Professor of Pure & Applied Mathematics, Trinity College Dublin
Mathematics and Perfection
Ideas and ideals of perfection are found throughout mathematics – in the conception of new theories and in the quest for “elegant” and “beautiful” proofs. A mathematical theorem holds with no obligation or need for validation in the real world. Nevertheless these “perfect” results very often have deep and unexpected applications in our imperfect world. The theoretical physicist, Eugene Wigner captured this in his article The Unreasonable Effectiveness of Mathematics in the Natural Sciences where he wrote “The miracle of the appropriateness of the language of mathematics for the formulation of the laws of physics is a gift we neither understand nor deserve. We should be grateful for it”.
Perfection is often expressed in a desire not just for a true result but also a beautiful one. But what does this mean in mathematics? Essentially a combination of creativity and depth with simplicity and clarity – the same characteristics of beauty in art or music. The remarkable result, mathematician Euler’s identity: eiπ + 1 = 0 is often given as an example of deep mathematical beauty, exposing a profound connection between fundamental numbers: e, i and π, yet expressed in a simple formula.
Associate Professor, History Of Art, Trinity College Dublin and Director of Irish Art Research Centre
The circle has a long provenance in art, both as a framing device (a tondo) and as an element within an image. Giorgio Vasari (1511–74) recounted the fable that the artist Giotto (c.1266–1337) attracted the patronage of a Pope when his drawing of a circle, without mechanical aids, was accepted as demonstration of his skill as an artist. The salient element of this legend was recounted in various versions in relation also to other artists, such as Apelles, but the question it raises is why this particular proficiency – the capacity to draw a perfect circle freehand – came to symbolise artistic skill in the first place.
A circle may be regarded as the most perfect of geometric forms, comprising a single boundary line or circumference whose infinity is indicated by its apparent seamlessness without evident start or finish, and therefore emblematic of eternity with all of its connotations. A perfect geometric circle exists where the distance from the centre to the circumference – the radius – is consistent and identical in every direction and is perfectly symmetrical. While human anatomy, intellect and creativity renders a perfect circle challenging to draw free-hand, its achievement infers an exceptional level both of control and commitment to repeated practice. While such characteristics may be considered anathema to contemporary ideals of visual interpretation and representation, nonetheless numerous artists have alluded to the geometric circle to infer skill, harmony, spirituality, and infinity, and to serve exploratory, scientific purposes both abstract and material.
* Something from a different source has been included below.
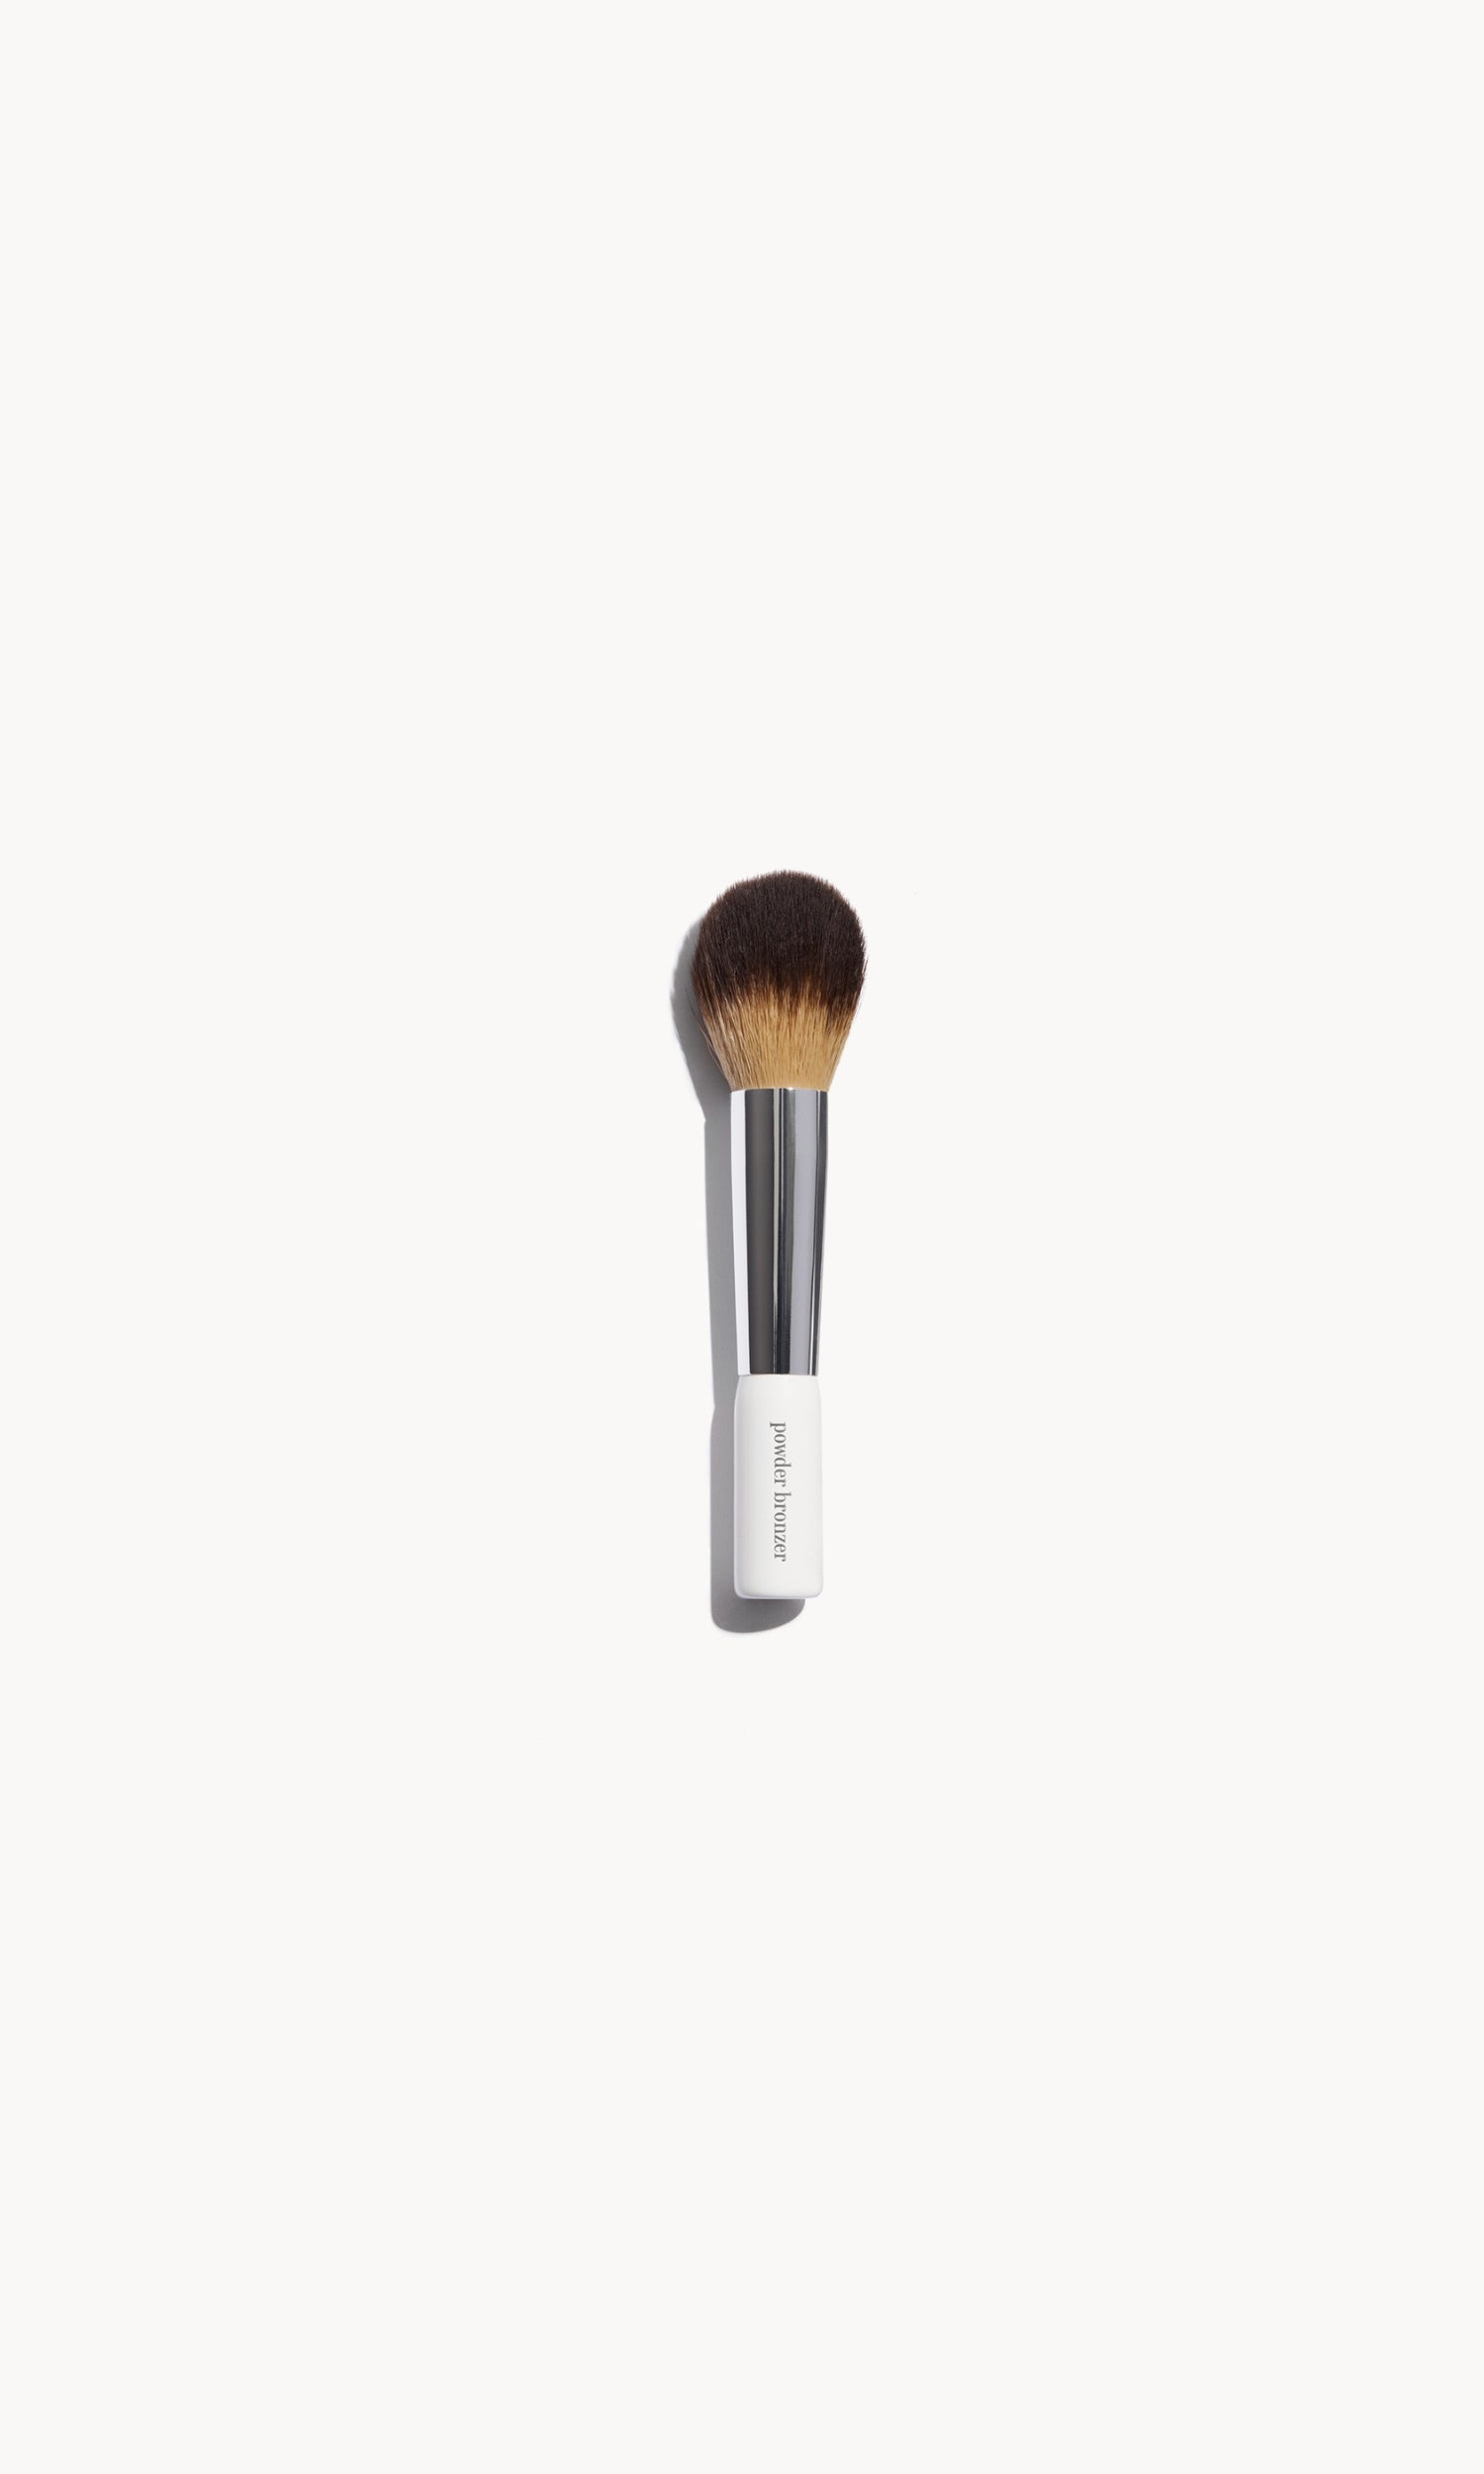 Makeup brush with white and silver handle and large rounded bristles on a white background

The many artists who conscripted the circle in their art include Leonardo da Vinci, whose Vitruvian Man (c.1490) is understood to correlate human proportions with geometry – humanity proposed as a microcosm of the universe. Vasari’s tale was recounted by Carel van Mander (1548–1606) ensuring its familiarity to artists in seventeenth century Netherlands. Rembrandt’s Self-Portrait with Two Circles (c.1665-69), depicts an aging artist, palette in hand, defiantly confronting the viewer. The muted circles inscribed on the surface behind have prompted art historical enquiry as to their meaning, and research reveals that the capacity to draw a perfect circle was associated both with calligraphic ability and artistic skill. Rembrandt’s self-portrait has been associated with the Giotto legend, to geo-metric (in the literal sense of measuring the world) capacities, in forms that referenced the cartographic globe, as well as to cabbalistic symbolism, though their defiant incompleteness as infinite circles has raised unanswered questions. At a more mundane level, they have been identified as studio props, and we are reminded of the circular mirror in Francis Bacon’s studio with all of its connotations of illusion, reflection and vision. More recently, circular forms abound in visual art – the concentric circles of Sonia Delaunay’s Electric Prisms (1914) or Jasper John’s provocative Target series of the 1950s and 60s. Ben Nicholson, Patrick Scott, Richard Long – there are numerous examples of artists conscripting the circle as the epitome of completeness at one level, but embodying also the impetus to challenge its perfection at the other.